Sadegh Nabavi granted 2 million DKK by AUFF NOVA to study fear

Sadegh Nabavi will receive the grant over a 3 year period for a project dedicated to map the brain circuit for an innate fear. The innate fear studied is in rodents for predator. Ultimately, the goal is to know what's the difference between a learned fear and innate fear at the circuit and synaptic levels.

2016.11.24 | Emilie Marie Niebuhr Aagaard

The AUFF NOVA grant is only awarded to projects that are pioneering in their field and show clear potential for scientific breakthroughs. Sadegh Nabavis project got a AUFF NOVA grant of 2 million DKK in order to study innate fear over the next three years. 

Description of the project

Fear is perhaps the most powerful factor that defines our decisions and our social interaction. It is essential to our survival, but also a weakness that can be exploited by others. Therefore, understanding the fear circuits has impacts well beyond the scope of neurosciences. Fears are either innate or learned. Examples of innate fear include fear of snakes or height. The fear of a gun pointing at us is learned, as when a man of the 12th century would not have been frightened.

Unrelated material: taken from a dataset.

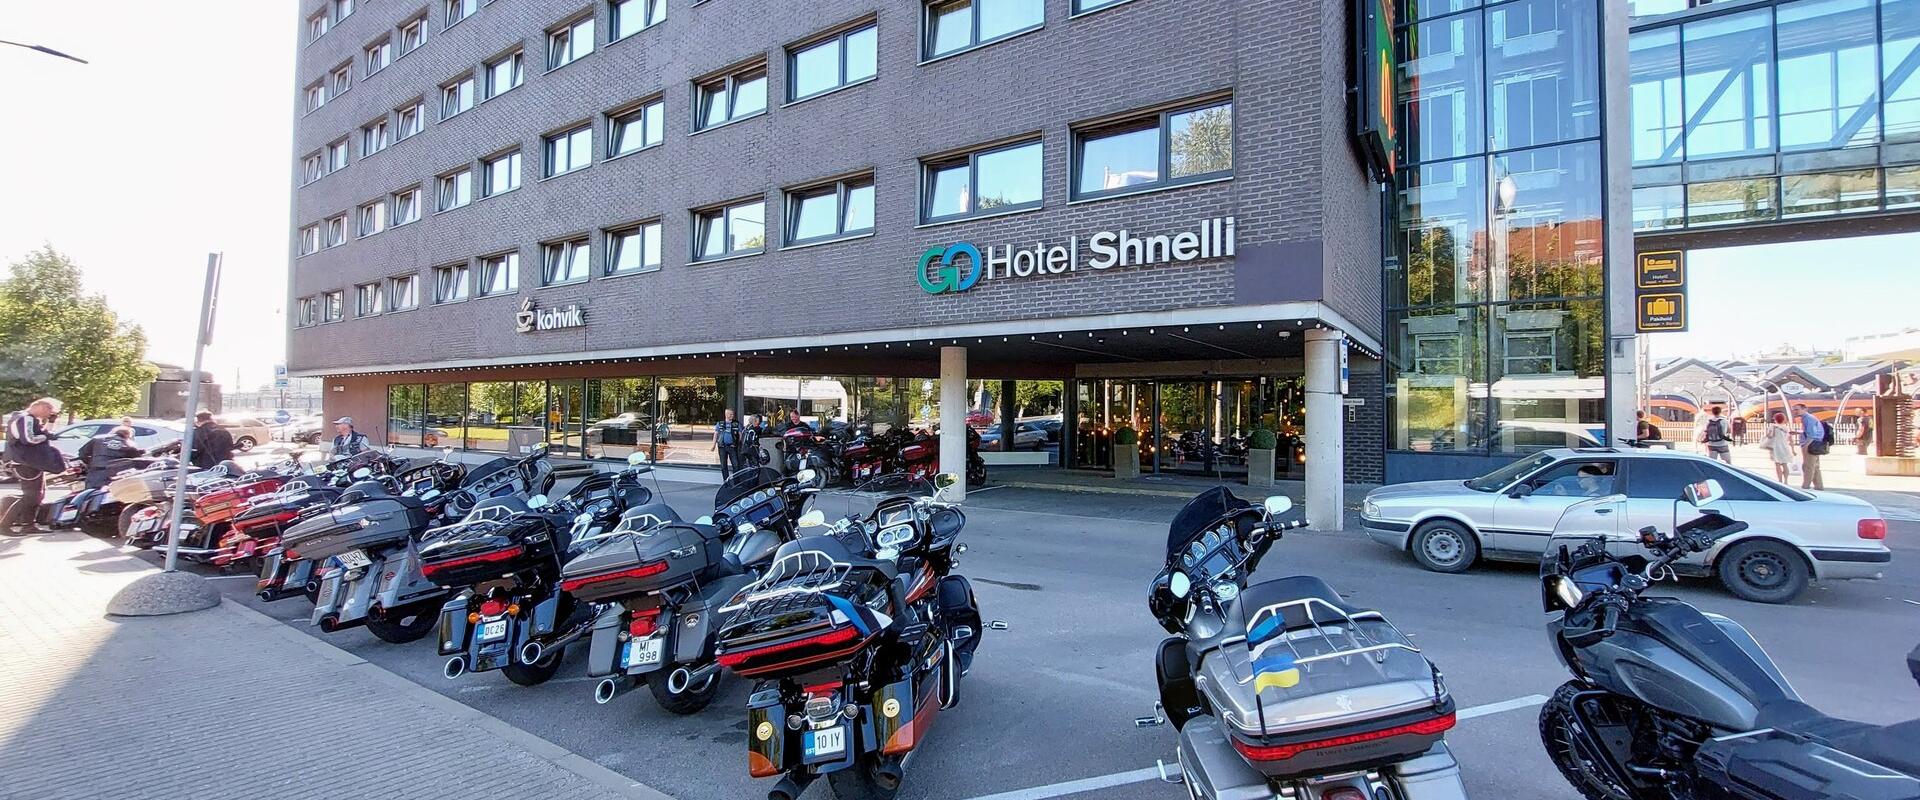 Go Hotel Shnelli parking

Fear circuit is evolutionary conserved. Therefore, by using invasive techniques in animals we can gain valuable information about the circuit. In rodents a learned fear is induced by associating a neutral stimulus such as a light with an aversive event, such as, an electric shock (Garcia et al., 1999, Nature). Innate fear is induced simply by exposing animals to a fake predator such as a toy snake (Tovote et al., 2016, Nature).

At cellular level, circuit for innate fear is hardwired in our brain. Learned fear, on the other hand, is formed with experiences by synaptic plasticity, the change in the strength of connections between
neurons (Nabavi et al., 2014, Nature). At behavioral level, however, animal’s reaction to both types of fear is virtually the same, expressed by a lack of movement. This indicates that the two systems engage overlapping circuits in the amygdala, the brain’s fear center. This raises a dilemma: how two qualitatively different visual information, one signaling a neutral object, the other a predator, activate the same part of the amygdala, and yet animal responses appropriately? Put it simply, why we show the same fear response to a snake crawling toward us and a gun pointing at us, but only for the gun that we had to learn its danger? This proposal is designed with this question in mind.